We're setting a very slim budget (somewhere in the $3,000-$5,000 range, ideally less) and planning to do as much of the work ourselves as we can. I have an amazing and talented best friend who will be doing the photography at the wedding as well as engagement portraits and another dear friend who actually asked if she could shoot my bridal portraits (who would turn that down?). Due to my dear best friends success in the wedding photography world we had to set our date early to make sure she's available not only to shoot the wedding but to be there to hold my hand.

Now my mind is completely swimming in wedding plans:
The wedding will be a casual-ish, outdoor party in November. Decorations will be minimal. The colors will be autumn-ey and we'll use as much nature as we can, fall leaves and pumpkins and we'll raid the after Christmas sales for lights. We want to make our own invitations and found an inexpensive website to make save the date magnets -overnight prints. I intend to commission friends to make cupcakes and help with set up and clean up. I picked out my dress months ago (yes, I'm that girl) and we finally figured out last night what D might wear.

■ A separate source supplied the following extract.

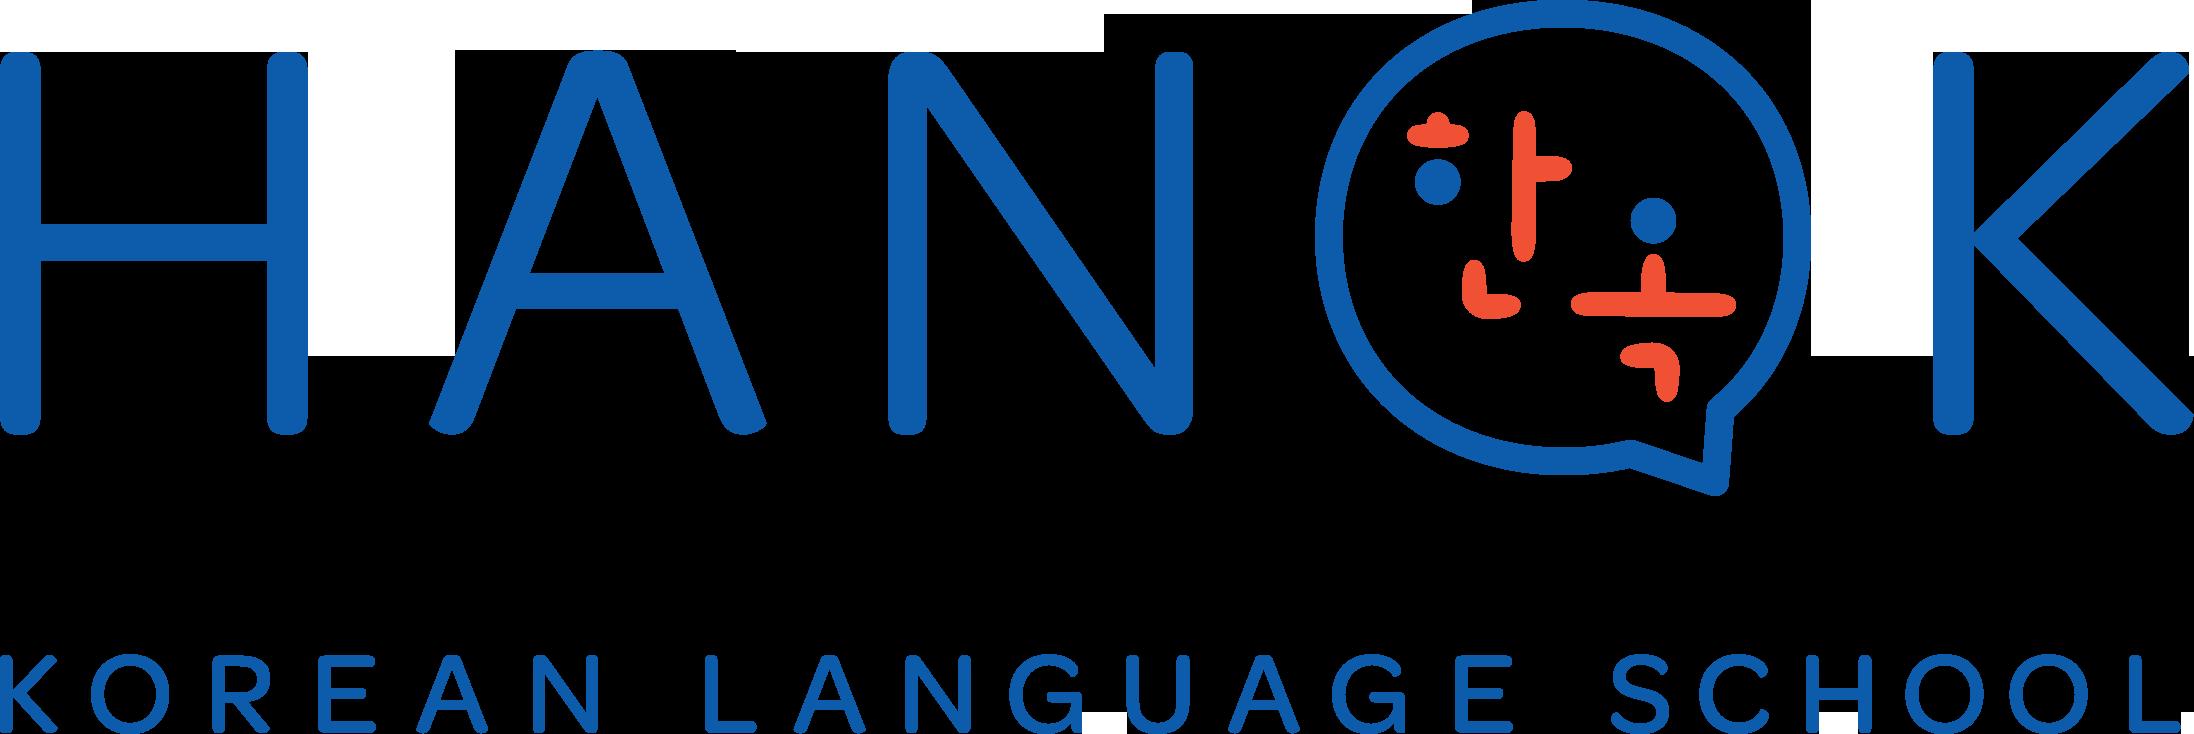 HANOK INTERMEDIATE 1 Qualification Test

The one thing we have no real idea about yet is the ceremony. It will be purely a 'commitment ceremony' of sorts (though we both hate that phrase), seeing as we have no legal or religious rights to marry. In a sense we have absolute freedom to tailor our ceremony to us as we aren't bound by ordination. It will be quite an exercise in figuring out what part of our love and relationship we want to convey to our friends and family. I look forward to it, but in some small ways envy those who have it all spelled out for them.